Regarding my previous request I saw in tximport vignettes the following procedure (https://bioconductor.riken.jp/packages/3.7/bioc/vignettes/tximport/inst/doc/tximport.html#rsem):
files <- file.path(dir, "rsem", samples$run, paste0(samples$run, ".genes.results.gz"))
names(files) <- paste0("sample", 1:6)
txi.rsem <- tximport(files, type = "rsem", txIn = FALSE, txOut = FALSE)
y <- DGEList(txi$counts)
y <- calcNormFactors(y)
design <- model.matrix(~condition, data = sampleTable)
v <- voom(y, design)
Is this procedure above enough to calculate voom limma ?
Or is there a need to do also additional normalization? Like the procedure suggested for edgeR in the same tximport vignettes?
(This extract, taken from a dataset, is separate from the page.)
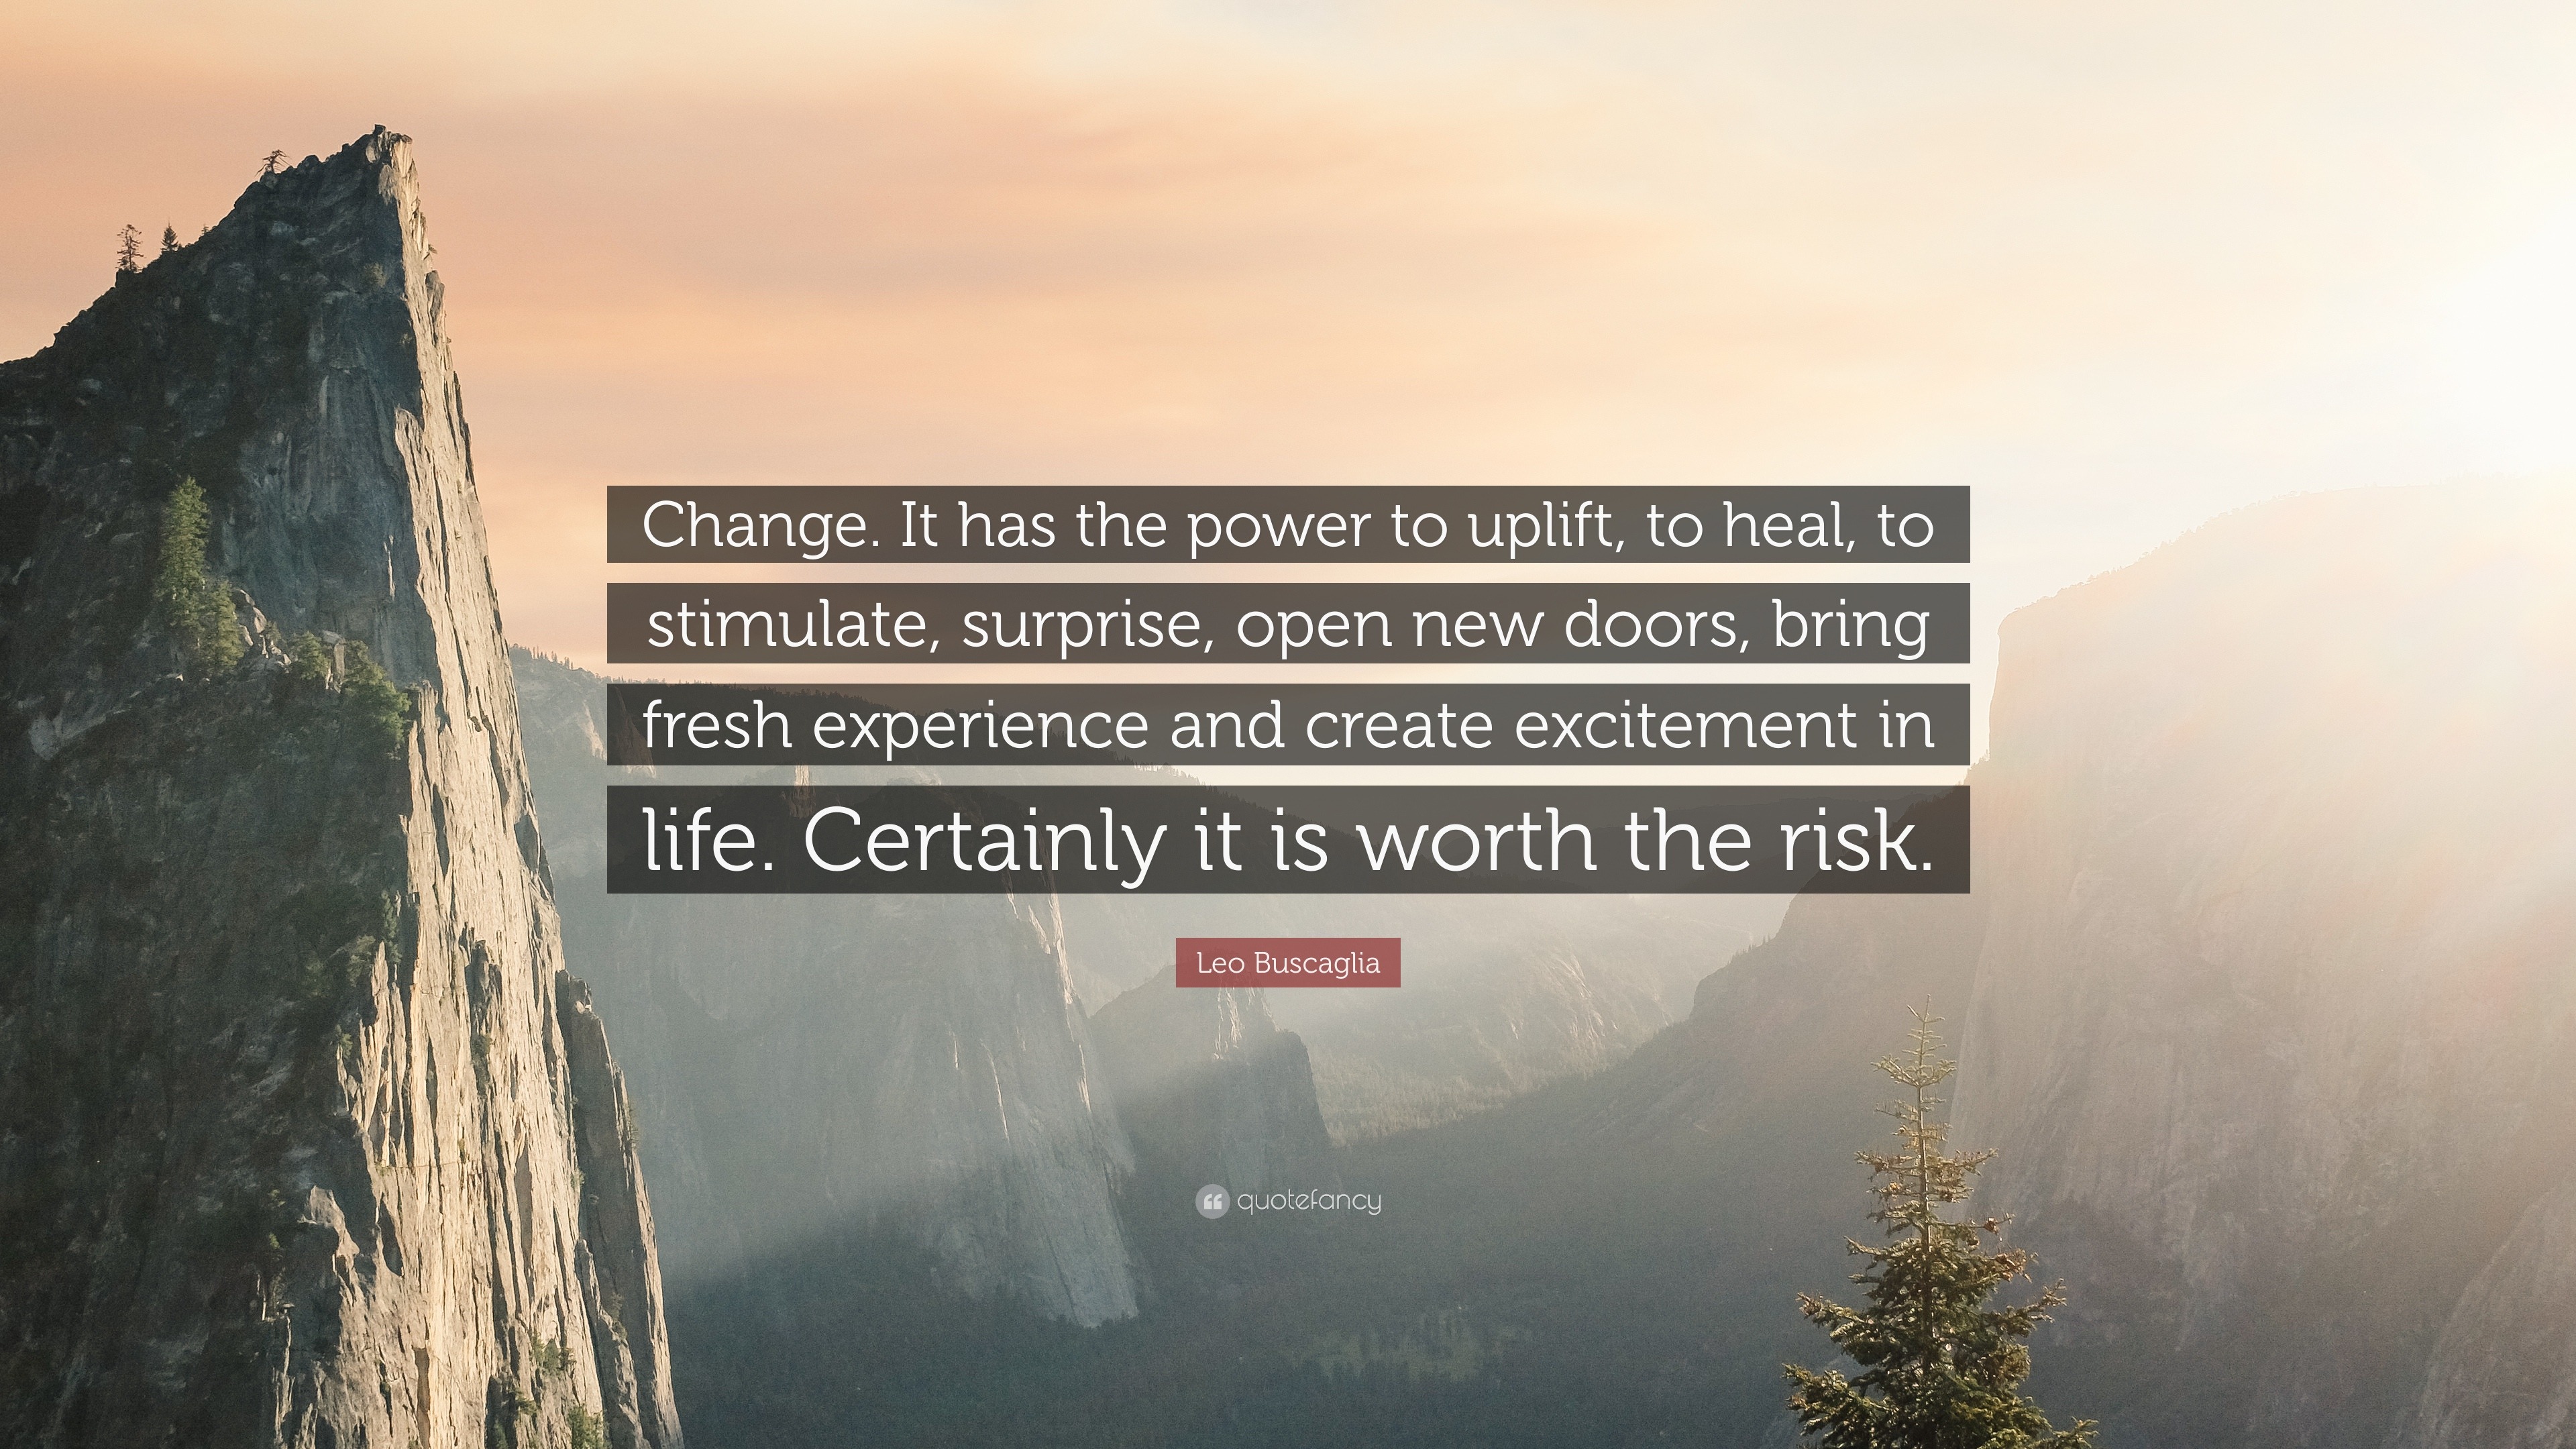 Leo Buscaglia Quote “Change It has the power to uplift to heal

In this regards, the vignettes describes two major possibilities for edgeR, which is the correct one for RSEM?:
1. The "bias corrected counts without an offset” method:
Use the tximport argument countsFromAbundance="lengthScaledTPM" or "scaledTPM", and then to use the gene-level count matrix txi$counts directly as you would a regular count matrix with these software I guess it means one should us ethe following import command:
txi.rsem <- tximport(files, type = "rsem", txIn = FALSE, txOut = FALSE, countsFromAbundance = "lengthScaledTPM")
2. The “original counts and offset” method:
library(edgeR)
cts <- txi$counts
normMat <- txi$length
normMat <- normMat/exp(rowMeans(log(normMat)))
library(edgeR)
o <- log(calcNormFactors(cts/normMat)) + log(colSums(cts/normMat))
y <- DGEList(cts)
y$offset <- t(t(log(normMat)) + o)
Thank you very much again for your kind help,
Arik
None of this is at all relevent. The distribution of Xi-Xavg does not need to be normal. You do not need tximport. See my separate answer.